Le dimissioni annunciate da papa Benedetto XVI non sono ovviamente riducibili, come si vorrebbe far credere, ad una mera questione di anzianità. Da quel che se ne sa, nessun serio problema di salute affligge Joseph Ratzinger. E’ comunque inaudito (nel senso etimologico del termine) un evento del genere, che rappresenta la trasgressione ad un codice millenarista da parte di un teologo tradizionale così rigoroso, che comprende bene come questo evento “laicizzi”, per così dire, la più ieratica delle figure religiose.
Si tratta evidentemente d’altro. Lo sfondo di questa vicenda singolare è l’esaurimento della funzione storica svolta dalla chiesa cattolica in quanto dispensatrice di pietismi e di rassegnazione, una funzione velenosa e nefasta che il vecchio barbuto ebreo di Treviri (ossia Karl Marx) paragonava al potere distruttivo e debilitante delle droghe psicotrope.

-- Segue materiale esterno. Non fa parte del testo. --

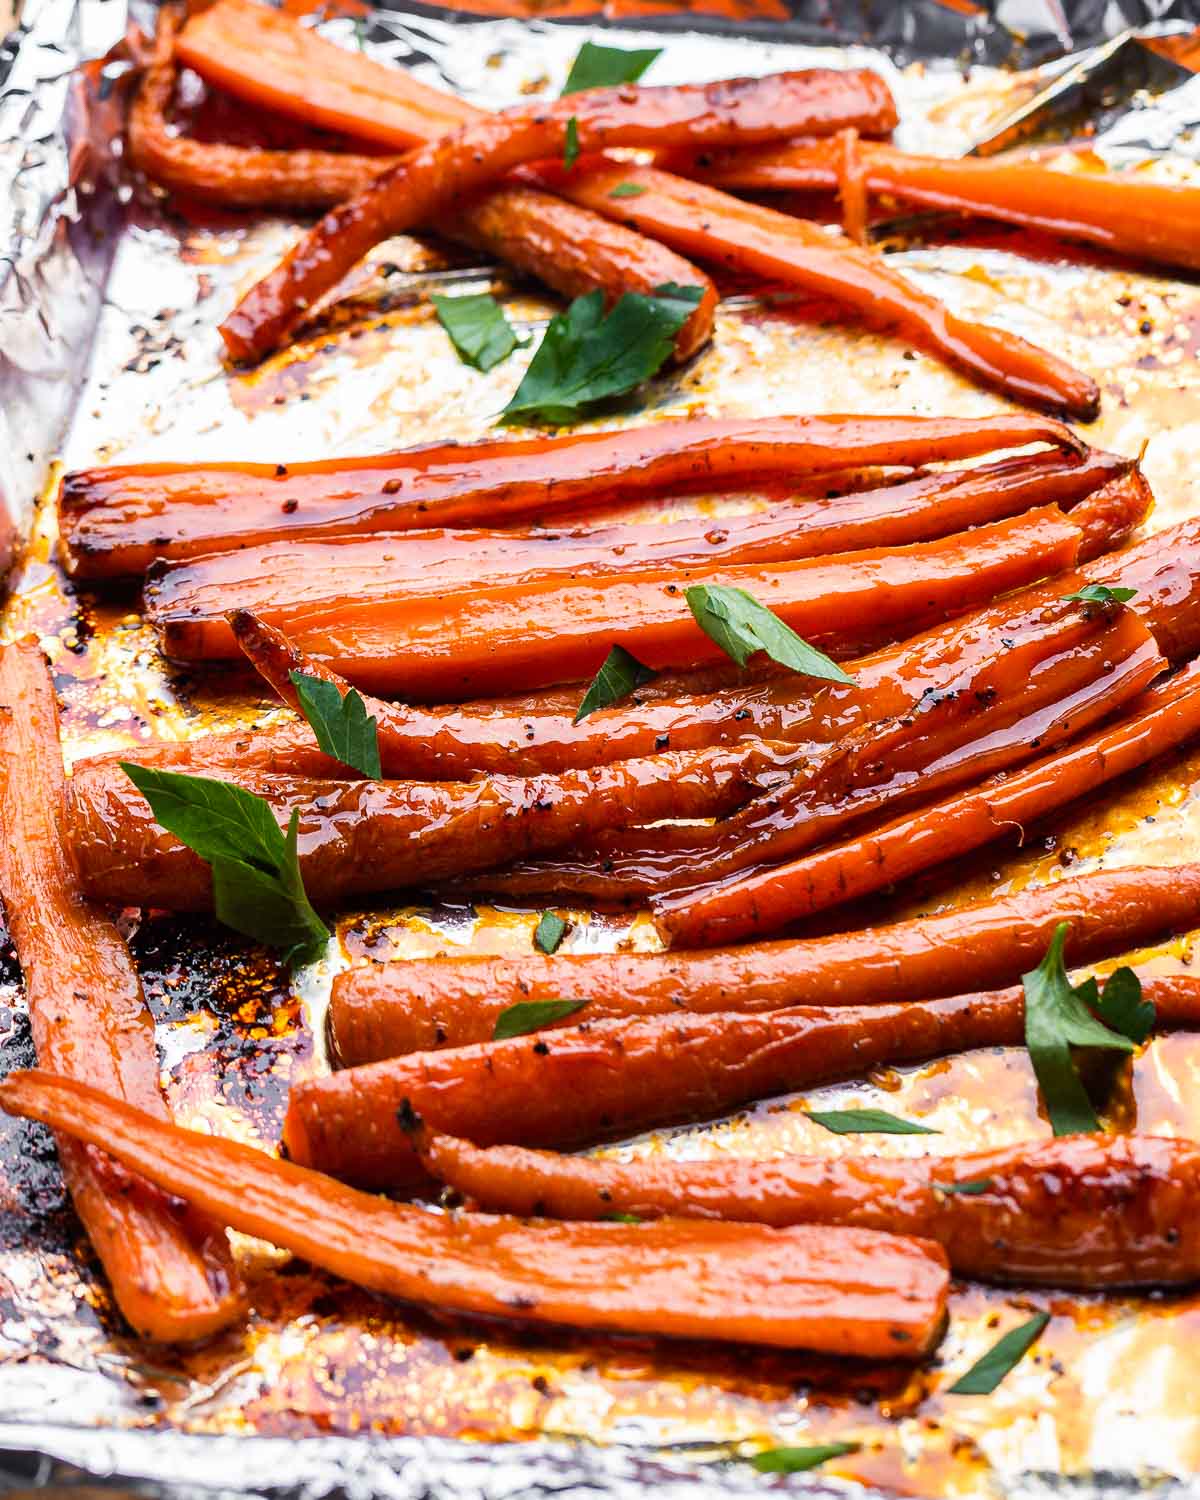 Foil lined baking sheet with glazed maple carrots.

Nel quadro di questo inarrestabile declino storico prendono forma le due tendenze che, entrando in conflitto tra loro, hanno schiacciato il mediatore tra esse, ossia Ratzinger: da una parte la protervia reazionaria sotto forma di rigidità teologica e dall’altra l’inquietudine di una chiesa che si sente ormai fuori dalla realtà e cerca di trovare un aggancio al mondo contemporaneo. Una lotta senza quartiere, una lotta di potere e per il potere, assai più feroce di quanto si possa immaginare, non senza delitti, non senza assassinii occulti, che avviene sul solaio marcio di una decadenza sempre più rapida.
Pertanto, il contesto storico-politico generale in cui è possibile inquadrare la clamorosa scelta delle dimissioni di Benedetto XVI, che sortirà effetti inevitabilmente dirompenti sia all’interno che all’esterno del mondo ecclesiastico, è l’insieme vasto e complesso delle contraddizioni esplose con violenza tra le opposte fazioni all’interno del Vaticano.
Un aspro e feroce conflitto che lacera e destabilizza i vertici della chiesa cattolica già da diverso tempo, ma che il precedente pontificato è riuscito in qualche misura a gestire e mediare senza gravi ripercussioni o gesti eclatanti, almeno a livello politico ufficiale.
Credo di cogliere nel segno quando affermo che tali dimissioni servono a “laicizzare la più ieratica delle figure religiose”. Credo sia proprio questo il punto centrale della questione, la chiave esplicativa dell’intera vicenda. Ho il sospetto che tale decisione sia maturata indubbiamente nel quadro delle dinamiche complessive già ampiamente descritte in precedenza, ma sia stata prodotta anche con l’intento preciso di suscitare scalpore, per rendere più “laica ed umana” una figura “ieratica” come quella pontificale, al fine di ridurre le distanze tra i vertici del Vaticano e il mondo secolare.
Si tratta evidentemente di una scelta di “marketing pubblicitario”, un atto ideologico e propagandistico teso a promuovere l’immagine della chiesa cattolica apostolica romana.
Al di là dei meriti indiscutibili ed innegabili da ascrivere a papa Ratzinger a proposito del rapporto tra teologia ed evoluzionismo darwiniano e, più in generale, rispetto al rapporto tra religione e scienza, non c’è altro da ascrivere a favore di Benedetto XVI.
Nel merito specifico delle sue dimissioni, l’unica ipotesi che riesco a formulare per provare a comprendere e a spiegare le ragioni di un gesto così eclatante e dirompente, è proprio quella di un tentativo di “laicizzare ed umanizzare” in maniera strumentale l’immagine (ho detto l’immagine, non la sostanza) della chiesa per riagganciarla al mondo contemporaneo, rilanciando in tal guisa il ruolo egemonico della curia pontificia, che è precipitata progressivamente in una crisi epocale a livello non solo morale e spirituale, ma altresì politico-finanziario, dopo il lungo pontificato di Giovanni Paolo II.